The main character in Pink Floyd‘s early classic “See Emily Play” is certainly intriguing: She borrows other people’s dreams while crying after dark, putting on a long gown and floating on a river “forever and ever.” Her mystery is captured in a whimsical snapshot of the LSD era.
But who was Emily? Many have speculated since the track’s release on June 16, 1967. The most widely accepted — yet technically unconfirmed — answer is Emily Young. A future sculptor, she reportedly met Pink Floyd’s Syd Barrett in 1965 at the London Free School when she was only 15.
“I used to go there because there were a lot of Beat philosophers and poets around,” Young told the Independent in 2013. “There were fundraising concerts with the Pink Floyd Sound, as they were then called.
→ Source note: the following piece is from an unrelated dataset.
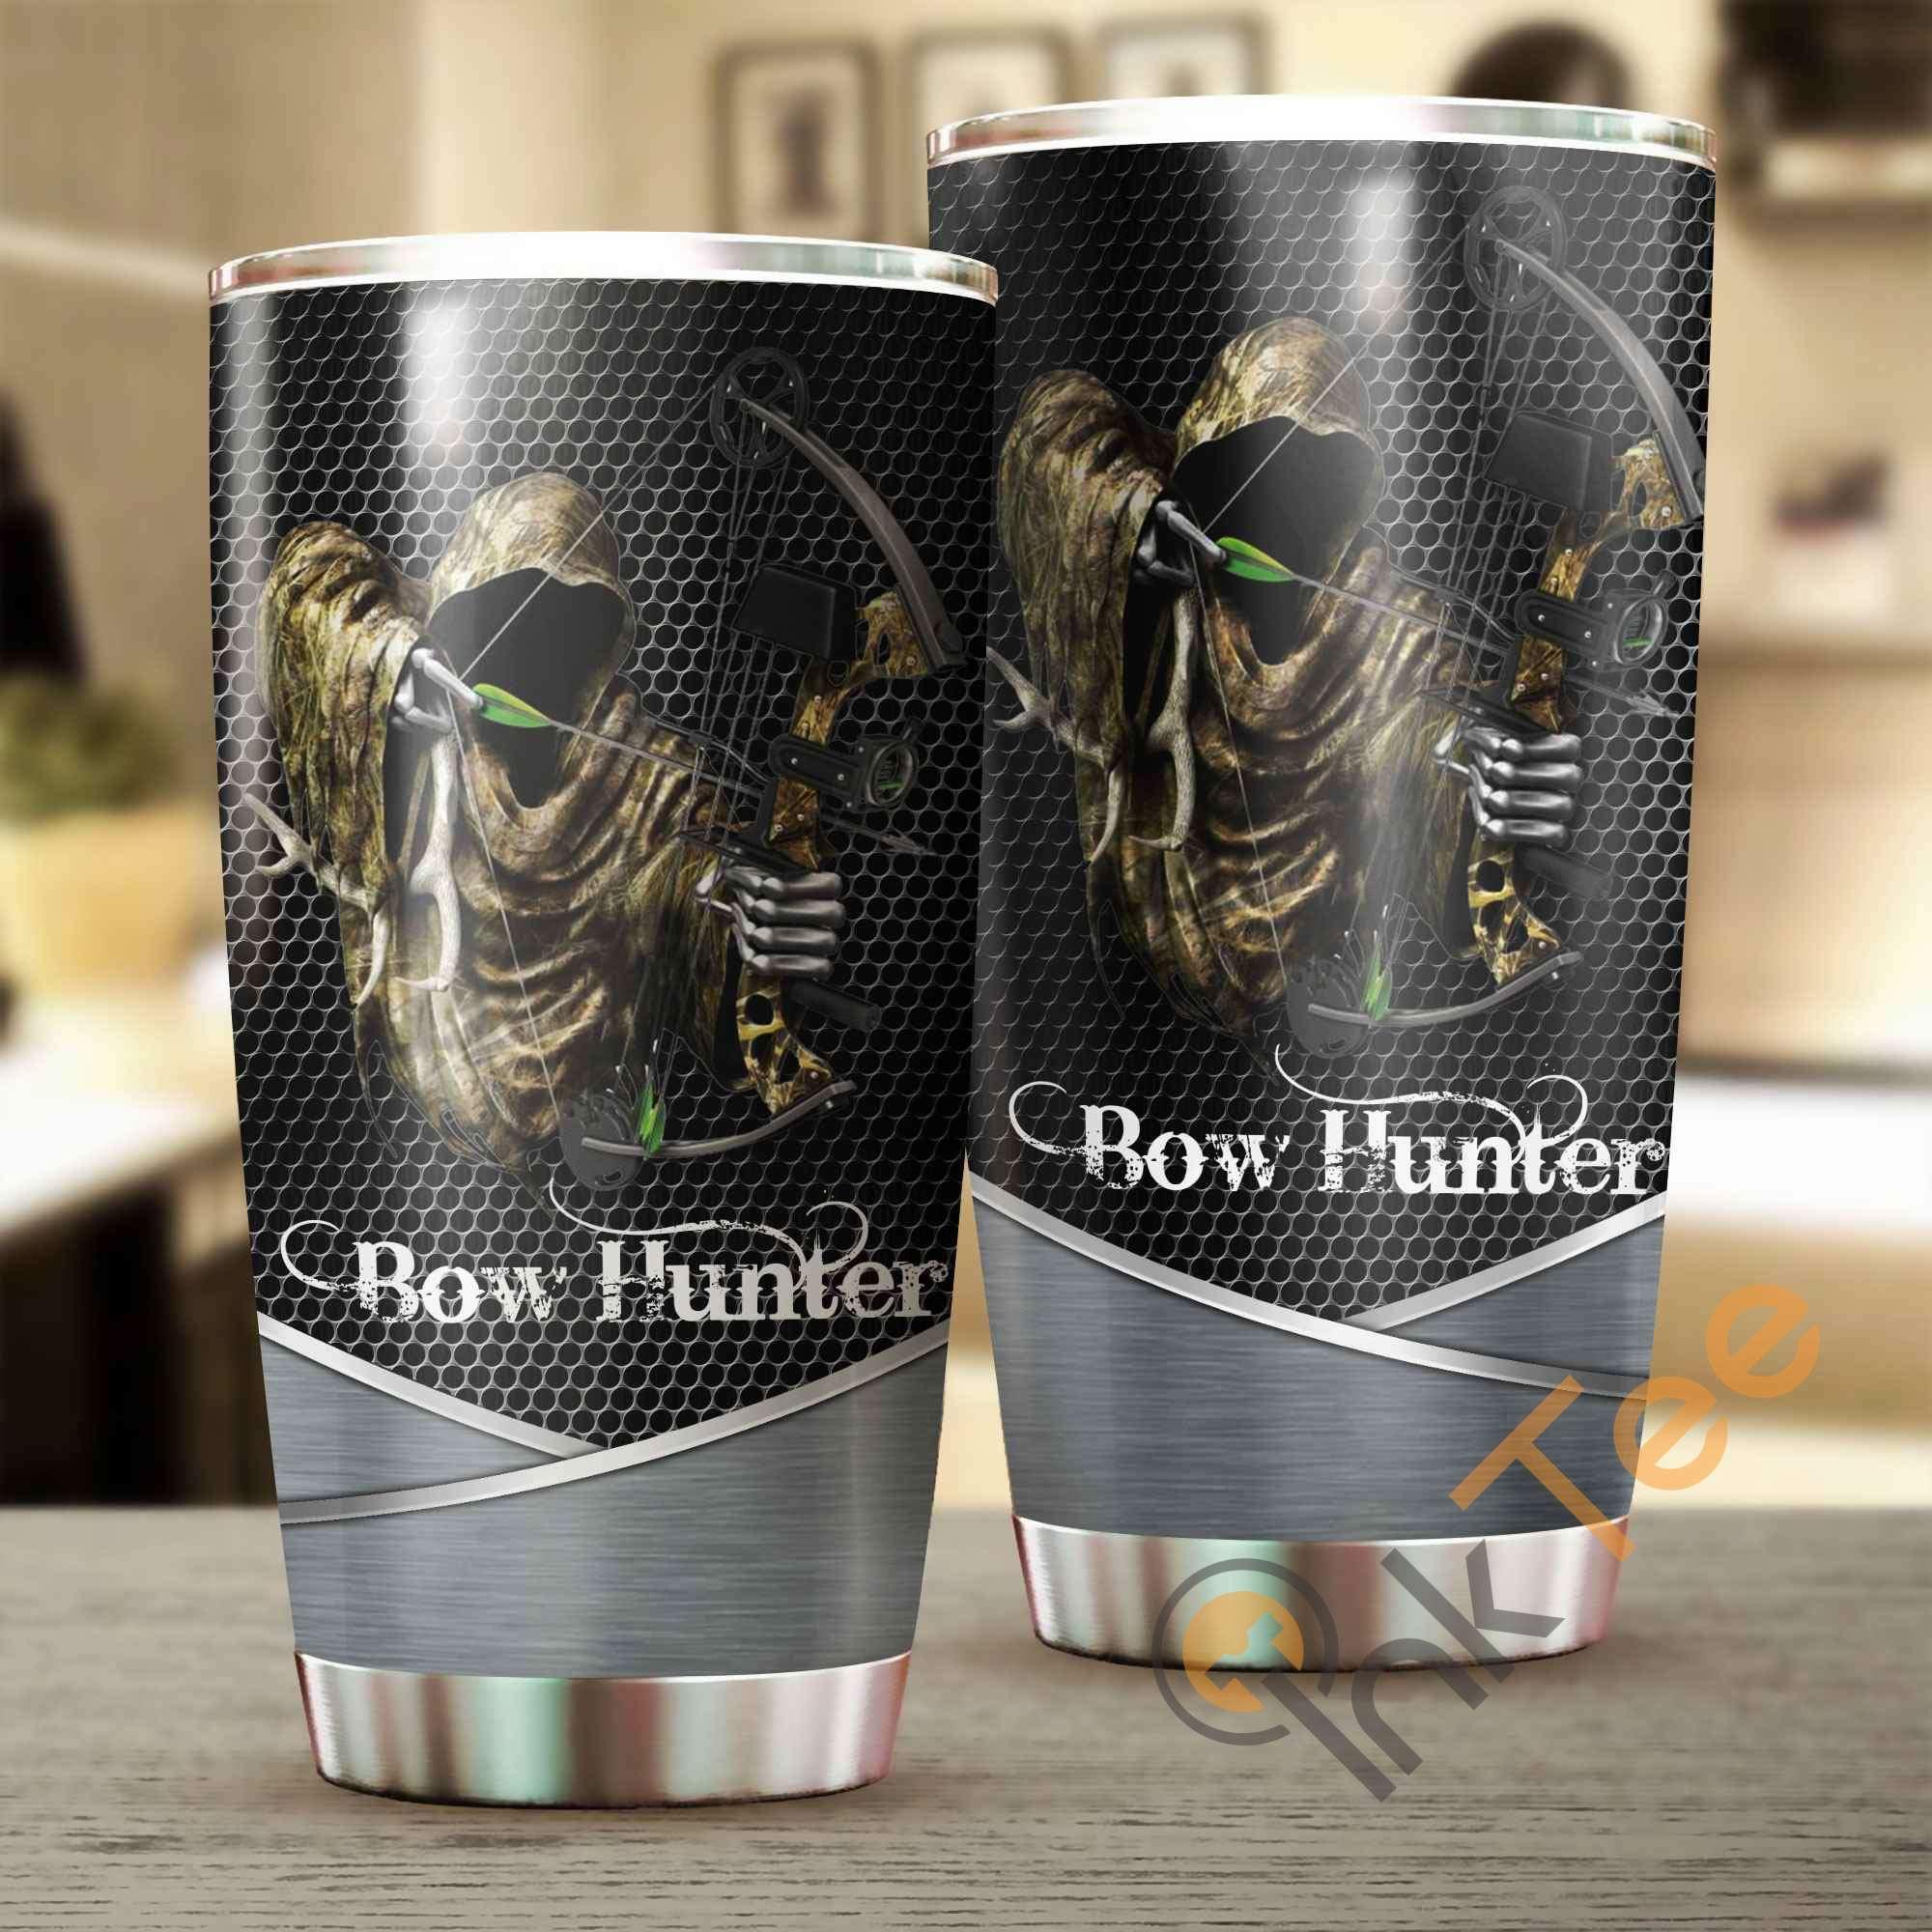 Bow Hunter Metal Amazon Best Seller Sku 3133 Stainless Steel Tumbler

I was more keen on poets than rockers. I was educating myself; I was a seeker. I wanted to meet everyone and take every drug.”
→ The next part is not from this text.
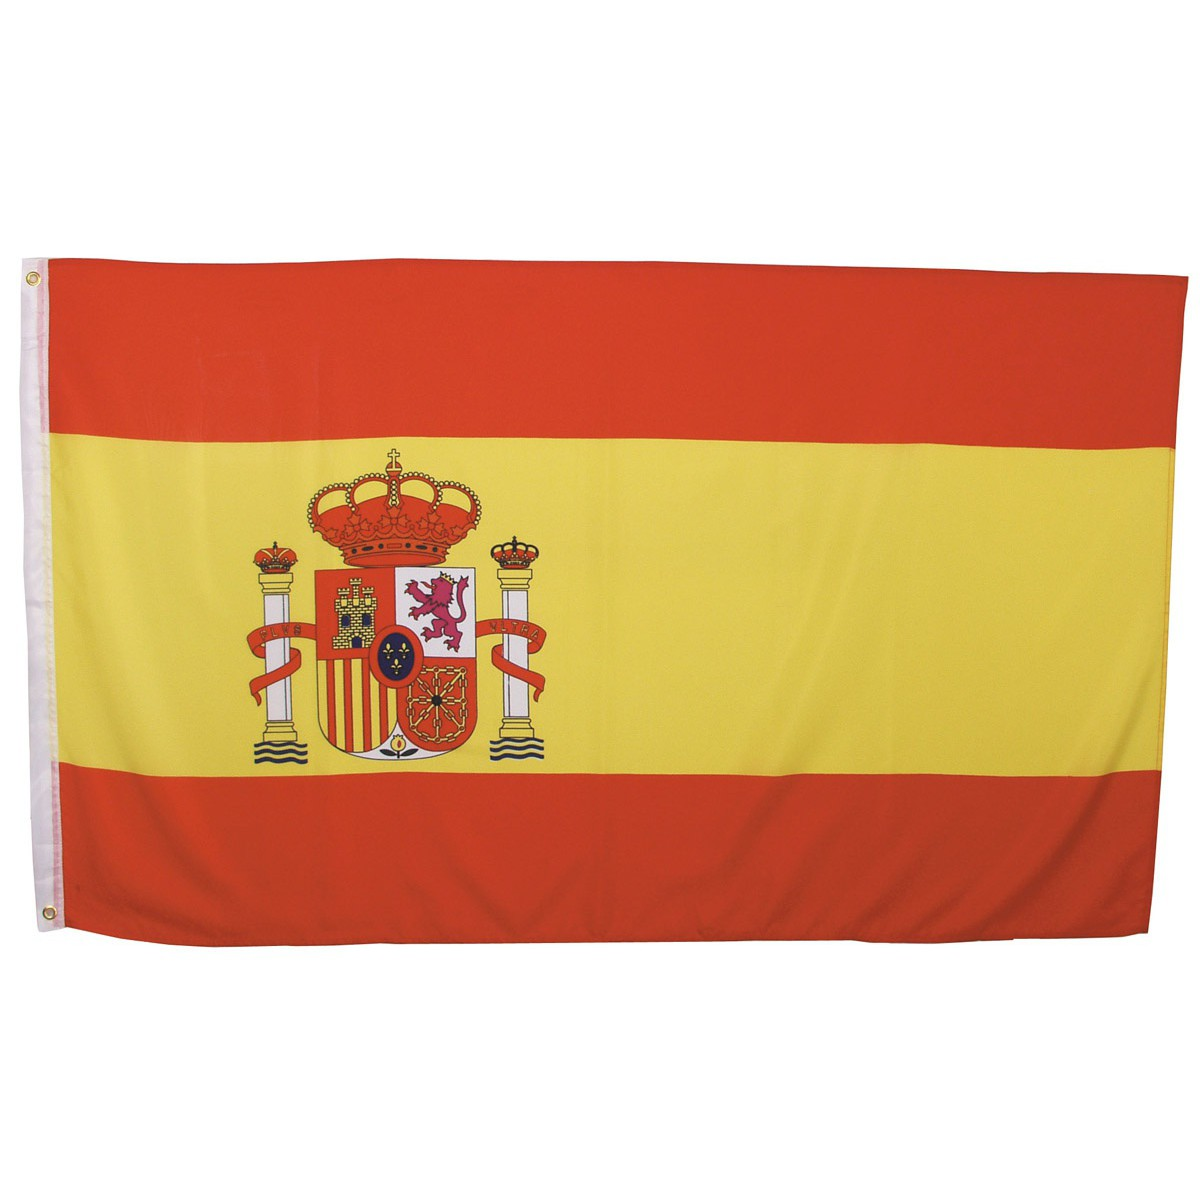 Španielska vlajka 150x90cm obojstranná polyester megamix.sk

Describing the famously mercurial Barrett, Young added: “He was absolutely delicious. He was a natural poet and artist, a creature of the forest, like Puck in A Midsummer Night’s Dream. He was going through hell at the time because he was taking far too much acid, and he knew he was in danger.”
Whoever Emily is — if she ever even existed — the character inspired one of Pink Floyd’s definitive Barrett-era songs: “See Emily Play” remains a densely layered psych-pop anthem with a winding vocal melody, loads of Richard Wright keyboards (Farfisa organ, tack piano, electric harpsichord) and a buzzing slide guitar effect achieved through unclear means. (Legend has it that Barrett used either a ruler or Zippo lighter to create similar sounds onstage.)
Watch Pink Floyd’s ‘See Emily Play’ Video
In its infancy, “See Emily Play” was titled “Games for May,” sharing a name with their May 1967 show at London’s Queen Elizabeth Hall. It was an appropriate event to showcase the new piece, as Pink Floyd unveiled a crude — yet incredibly trippy — form of quadrophonic sound. But the band rechristened the track for their stand-alone second single, issued three months after their first, “Arnold Layne.”
“We recorded it at Sound Techniques in Chelsea and the song sounded great,” drummer Nick Mason told Rock Cellar Magazine in 2020. “The studio engineer, John Wood, was really good so we very quickly loved the sound of it, but the interesting thing was that … once we’d gone home, [producer Joe Boyd] then went and did that sort of double-speed piano thing in the middle of it. And so, funnily enough, in a way, we were slightly outside having total control of it. I mean, I’ve no complaints about it.”
Sadly, this wild studio experiment didn’t make the U.K. edition of Pink Floyd’s first album, The Piper at the Gates of Dawn, but the appetizer release still paid dividends: “See Emily Play” became Pink Floyd’s first U.K. Top 10 hit, setting the table for one of rock’s game-changing debuts.
And in the decades since, the song’s wide-eyed mysteries have only grown more fascinating.